Raj Sankaran is a member of the technical staff at Argonne National Laboratory. Through his research pursuits through Argonne and Northwestern University, Raj collaborates closely with Environmental, Urban, High-Performance Computing and Weather/Climate researchers. Raj co-leads the Waggle Edge-Computing research platform and over the past 9 years, he has supervised/co-supervised over 50 graduate, undergraduate and high-school students through summer internships and graduate study programs. This year, the Waggle team has over half a dozen graduate, undergraduate, and high-school students across various programs (Research Aide, REU, SULI, and Student Visitor) participating in remote internships on both software based research projects and also projects involving physical hardware and sensors.

Moderator Bios

Ashley Barker is the Group Leader for the User Assistance and Outreach (UAO) team at the Oak Ridge Leadership Computing Facility (OLCF) located at Oak Ridge National Lab (ORNL). UAO is responsible for facilitating access to OLCF resources, providing training, documentation, and technical support to users, collecting and reporting on user facility data, and acquainting the public with the work conducted at the OLCF through scientific highlights. The OLCF supports more than 1,200 users and 250 projects annually from a wide spectrum of science domains. Ashley served as the National Climate Research Center (NCRC) Project Director from 2014-2016. The NCRC project represents a partnership between NOAA and DOE and through this partnership, the NCRC team has delivered multiple computer systems to NOAA, allowing the agency to advance its climate modeling and improve our understanding of climate variability and change. Ashley is also currently involved in the Exascale Computing Project (ECP) as the Control Account Manager (CAM) for training and productivity.

Rebecca Hartman-Baker leads the User Engagement Group at NERSC, where she is responsible for engagement with the NERSC user community to increase user productivity via advocacy, support, training, and the provisioning of usable computing environments. As part of this effort, she produces a podcast, ‘NERSC User News’, covering topics of interest to NERSC users, which is syndicated on iTunes, Google Play, and more. She worked as a postdoc and then as a scientific computing liaison in the Oak Ridge Leadership Computing Facility, and a senior supercomputing applications specialist at the Pawsey Supercomputing Centre before joining NERSC in 2015. Rebecca has hired several dozen people, including students, postdocs, and staff, but until recently had never onboarded anyone remotely. This summer she is welcoming two new staff members and four student interns into her group.

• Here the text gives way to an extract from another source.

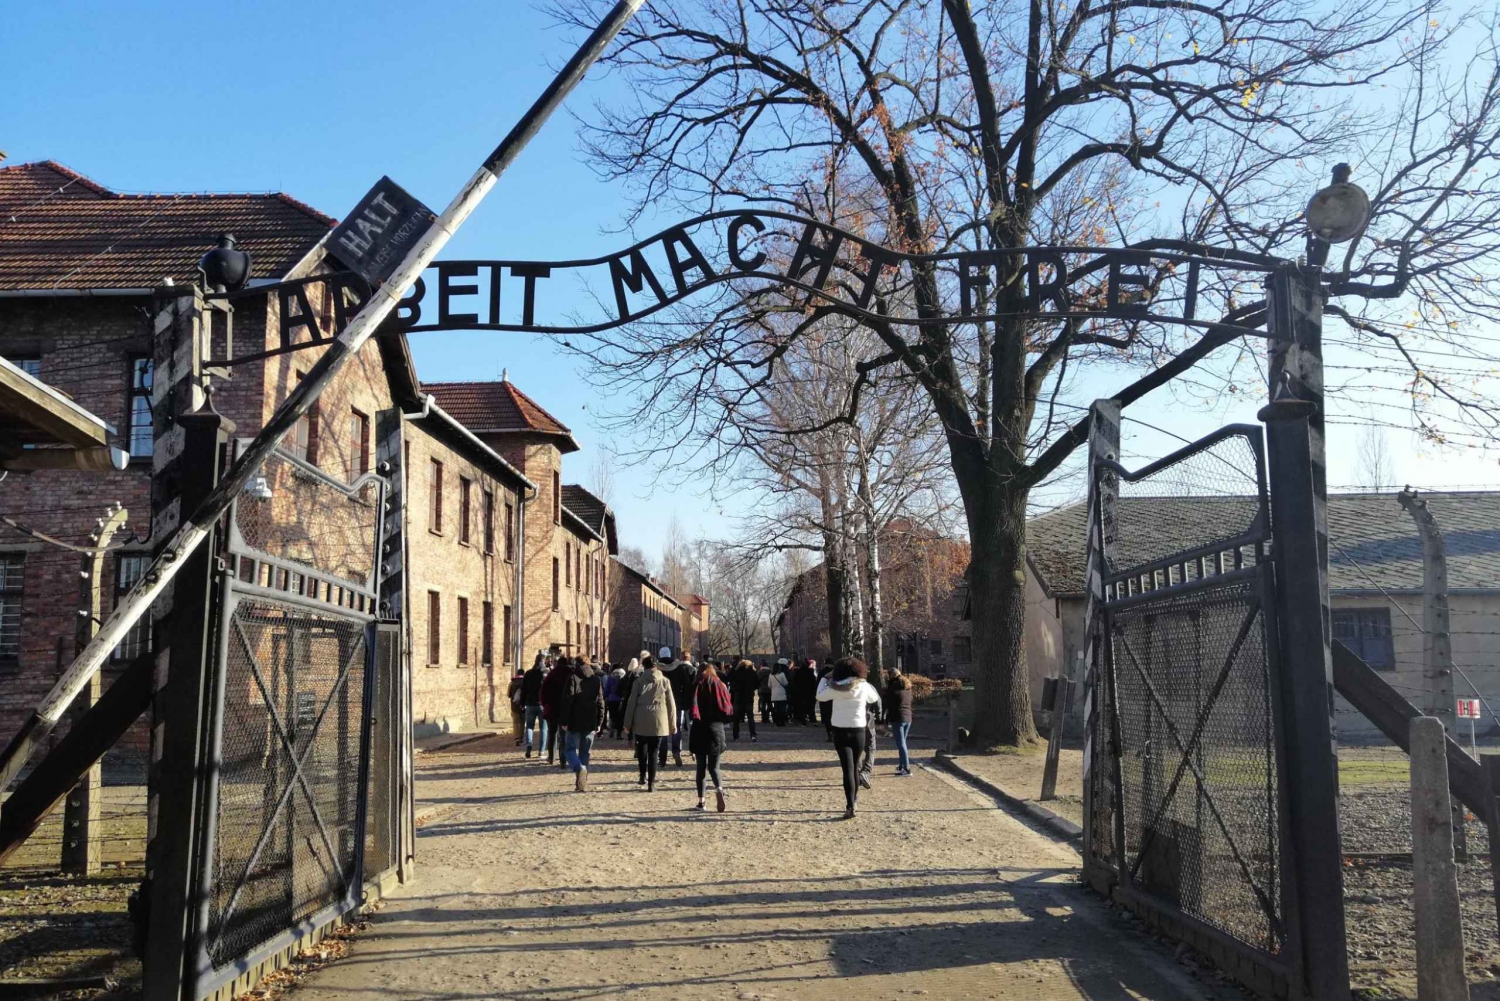 Varsovia: Excursión a Cracovia y Auschwitz en tren con servicio de recogida

Elaine Raybourn is a social scientist in the Statistics and Human Systems Group (Applied Cognitive Science) at Sandia National Laboratories. Her research focuses on virtual teams, software developer productivity, and transmedia learning. She has worked remotely for a combined total of 14 years while at Sandia National Laboratories: from the UK as a guest researcher at British Telecom; Germany (Fraunhofer FIT) and France (INRIA) as a Fellow of the European Research Consortium in Informatics and Mathematics (ERCIM), and most recently from Orlando, Florida as Sandia’s Institutional PI for the IDEAS-ECP productivity project. She leads the panel series Strategies for Working Remotely.